给你：一个功能齐全的列表合并排序（改编自我在这里的排序）：

def merge(*args):
    import copy
    def merge_lists(left, right):
        result = []
        while left and right:
            which_list = (left if left[0] <= right[0] else right)
            result.append(which_list.pop(0))
        return result + left + right
    lists = list(args)
    while len(lists) > 1:
        left, right = copy.copy(lists.pop(0)), copy.copy(lists.pop(0))
        result = merge_lists(left, right)
        lists.append(result)
    return lists.pop(0)

Call it like this:

像这样调用它：

merged_list = merge(a, b, c)
for item in merged_list:
    print item

For good measure, I'll throw in a couple of changes to your Obj class:

为了更好地衡量，我将对您的 Obj 类进行一些更改：

class Obj(object):
    def __init__(self, p) :
        self.points = p
    def __cmp__(self, b) :
        return cmp(self.points, b.points)
    def __str__(self):
        return "%d" % self.points

• Derive from object
• Pass selfto __init__()
• Make __cmp__a member function
• Add a str()member function to present Objas string

• 从对象派生
• 传递self到__init__()
• 制作__cmp__成员函数
• 添加str()成员函数以显示Obj为字符串

I asked a similar question and got some excellent answers:

我问了一个类似的问题并得到了一些很好的答案：

• Joining a set of ordered-integer yielding Python iterators

• 加入一组有序整数产生 Python 迭代器

The best solutions from that question are variants of the merge algorithm, which you can read about here:

该问题的最佳解决方案是合并算法的变体，您可以在此处阅读：

• Wikipedia: Merge Algorithm

• 维基百科：合并算法

Below is an example of a function that runs in O(n) comparisons.

下面是在 O(n) 比较中运行的函数的示例。

You could make this faster by making a and b iterators and incrementing them.

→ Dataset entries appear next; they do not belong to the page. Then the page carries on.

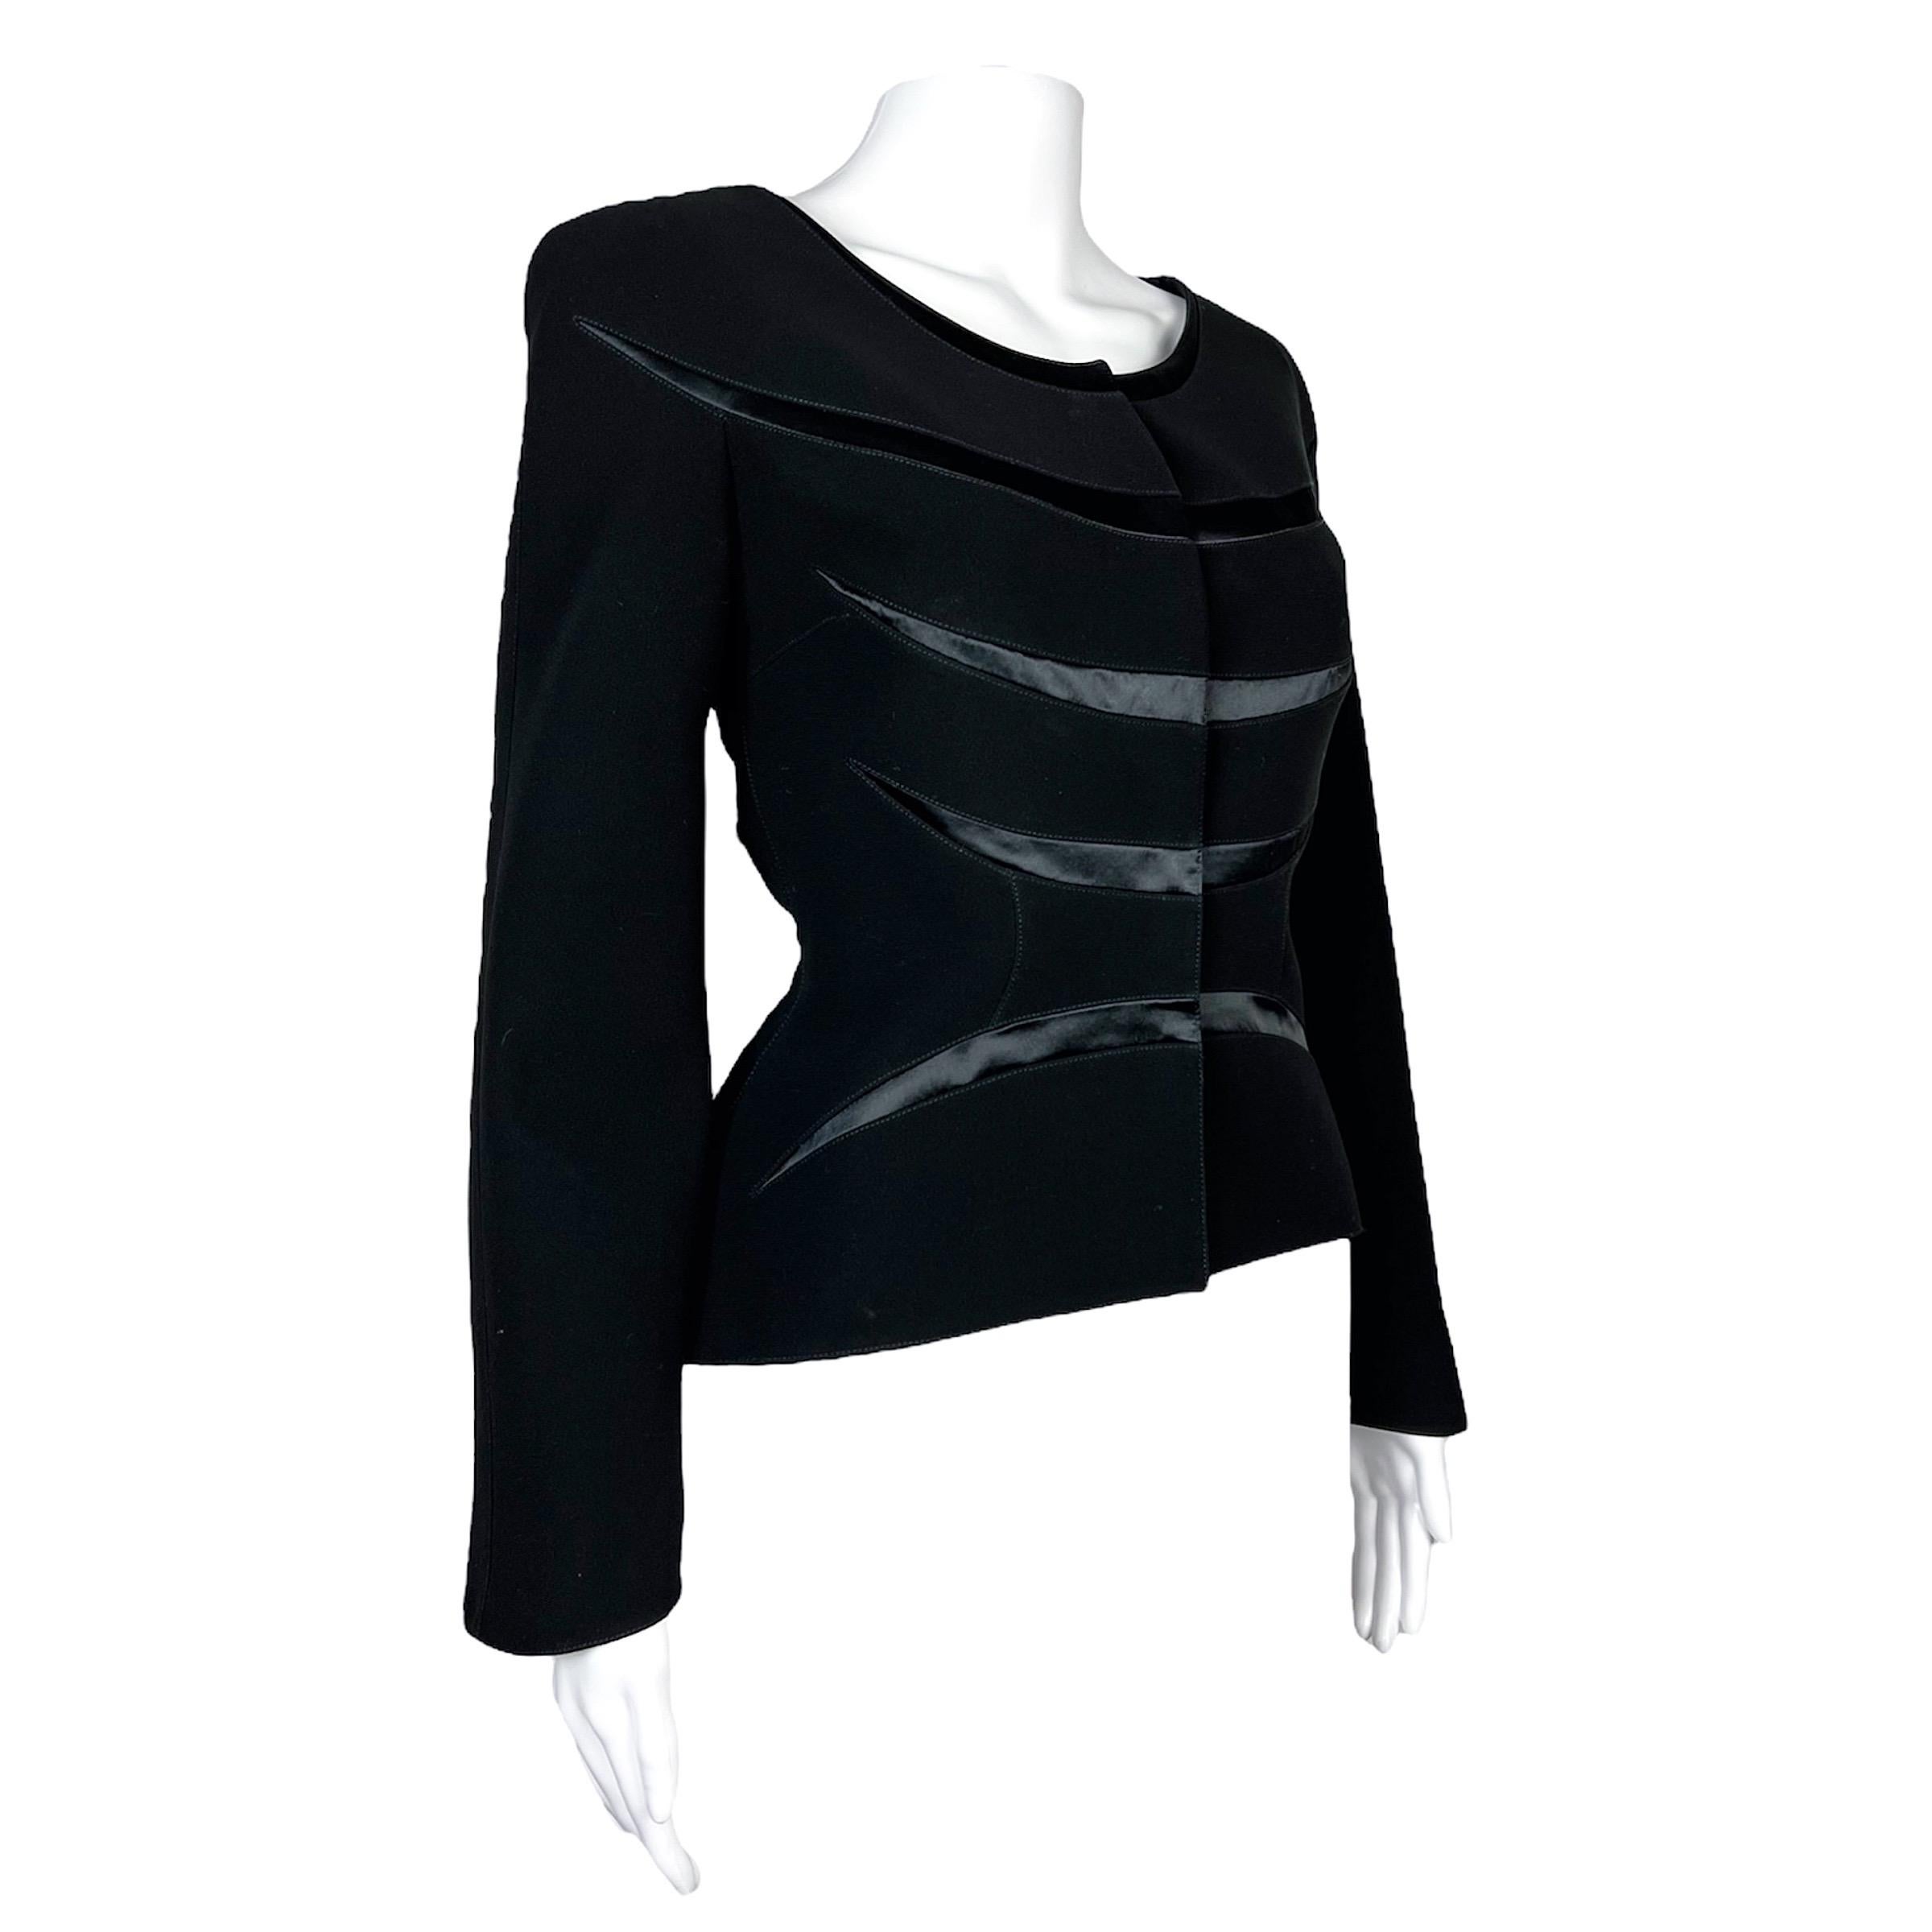 Lovely Thierry Mugler black blazer with satin stripes on front and back from Spring Summer 2000 collection as seen on the runway that season. 

Size on tag is 42, make sure to report to measurements for accurate fitting. 

Measurements: 

Shoulders:
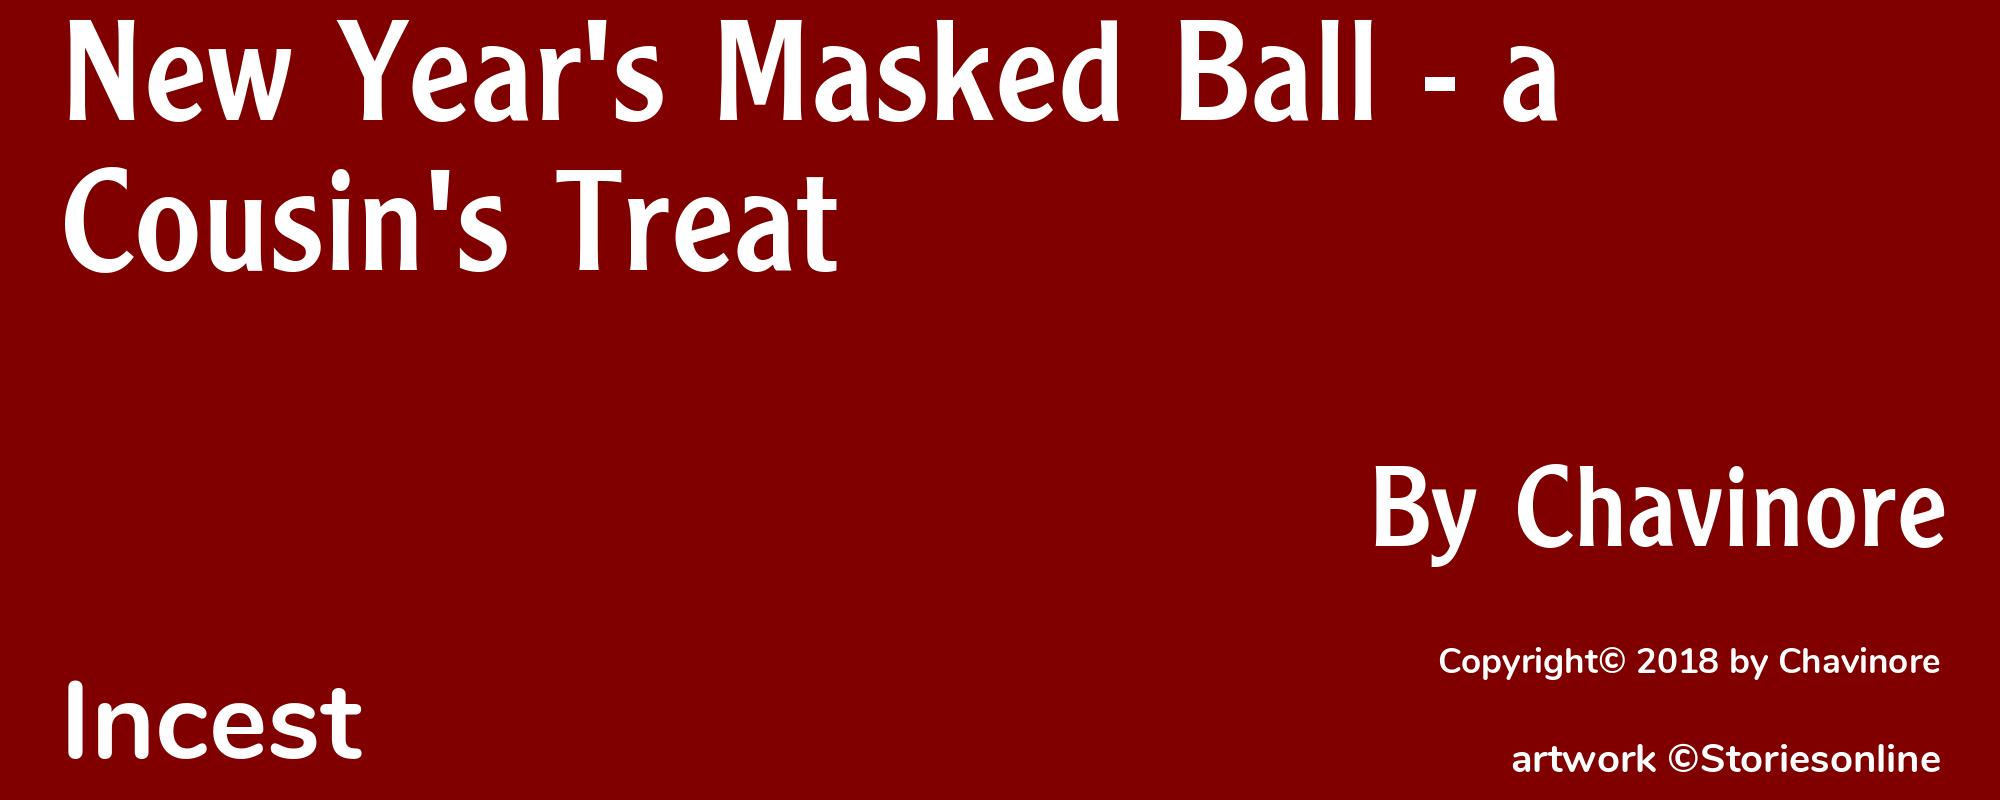 New Year's Masked Ball - a Cousin's Treat - Cover
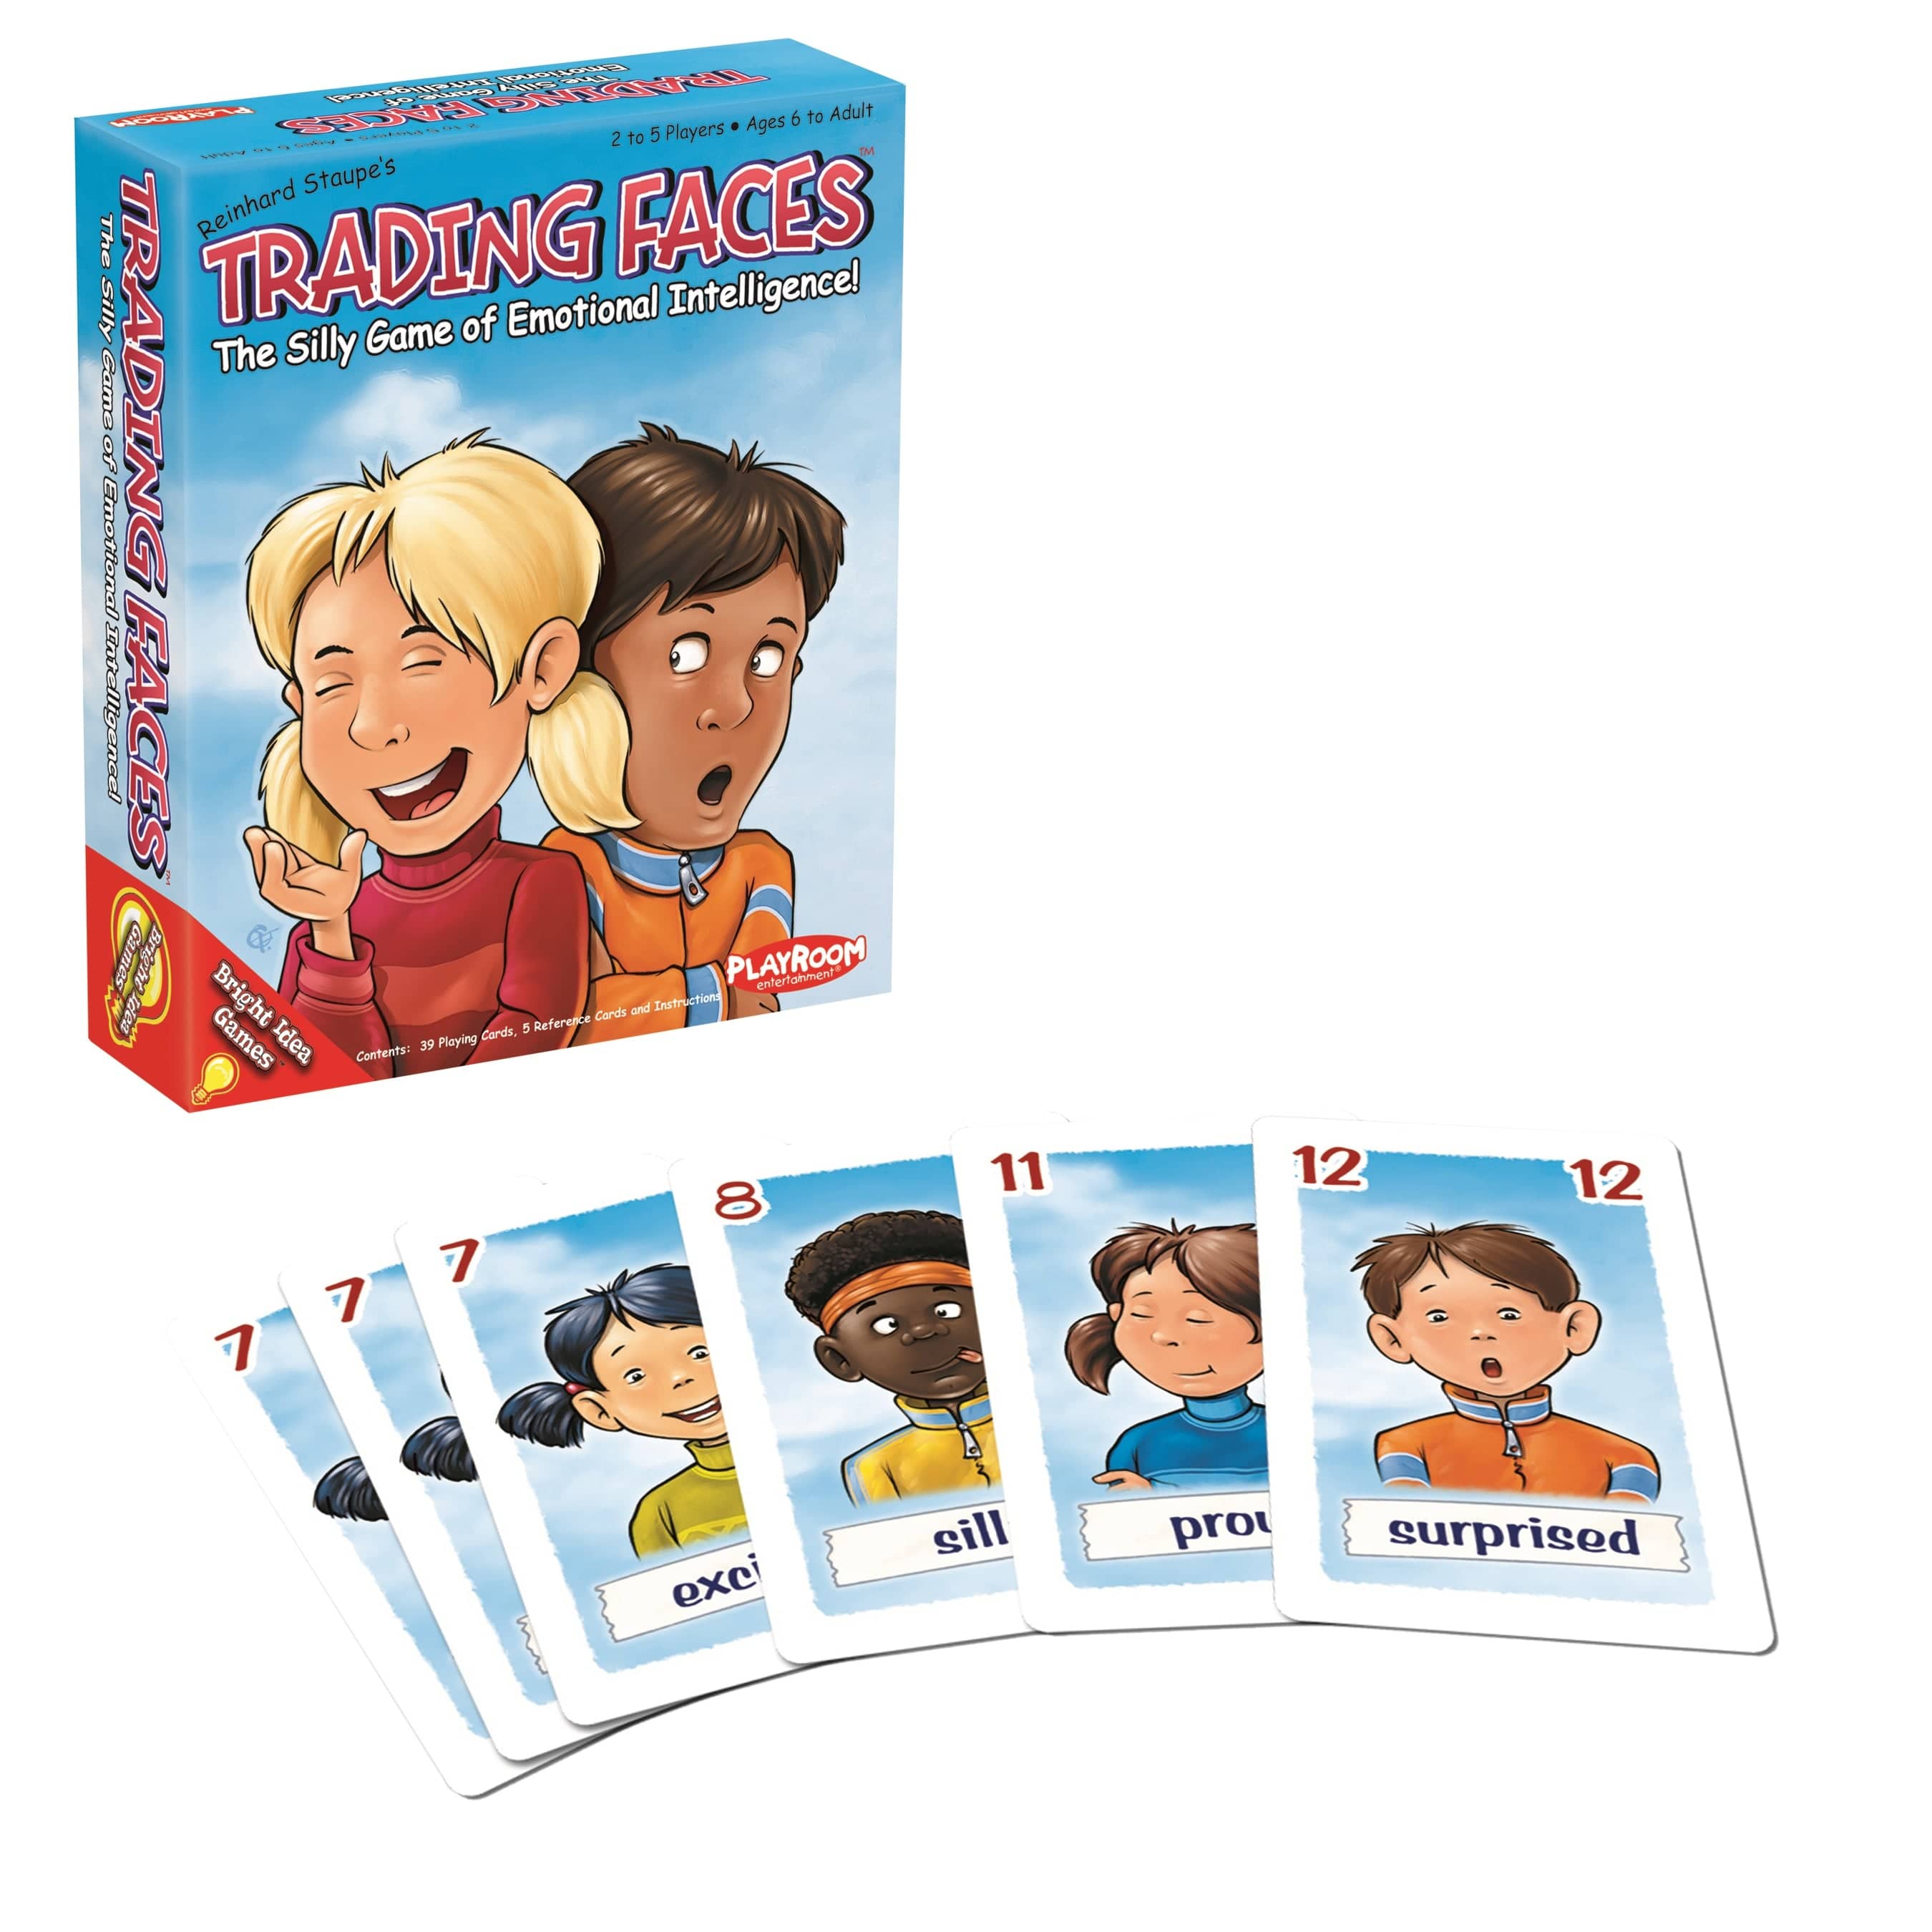 Trading Faces | An Emotion Expression Game for Ages 6 and Up | Ultra PRO Entertainment

您可以通过创建 a 和 b 迭代器并增加它们来加快速度。

I have simply called the function twice to merge 3 lists:

我只是简单地调用了该函数两次以合并 3 个列表：

def zip_sorted(a, b):
    '''
    zips two iterables, assuming they are already sorted
    '''
    i = 0
    j = 0
    result = []
    while i < len(a) and j < len(b):
        if a[i] < b[j]:
            result.append(a[i])
            i += 1
        else:
            result.append(b[j])
            j += 1
    if i < len(a):
        result.extend(a[i:])
    else:
        result.extend(b[j:])
    return result

def genSortedList(num,seed):
    result = [] 
    for i in range(num):
        result.append(i*seed)
    return result

if __name__ == '__main__':
    a = genSortedList(10000,2.0)
    b = genSortedList(6666,3.0)
    c = genSortedList(5000,4.0)
    d = zip_sorted(zip_sorted(a,b),c)
    print d

However, heapq.mergeuses a mix of this method and heaping the current elements of all lists, so should perform much better

但是，heapq.merge混合使用了这种方法和堆所有列表的当前元素，所以应该表现得更好

I don't know whether it would be any quicker, but you could simplify it with:

我不知道它是否会更快，但你可以简化它：

def GetObjKey(a):
    return a.points

return sorted(a + b + c, key=GetObjKey)

You could also, of course, use cmprather than keyif you prefer.

当然，如果您愿意，您也可以使用cmp而不是key。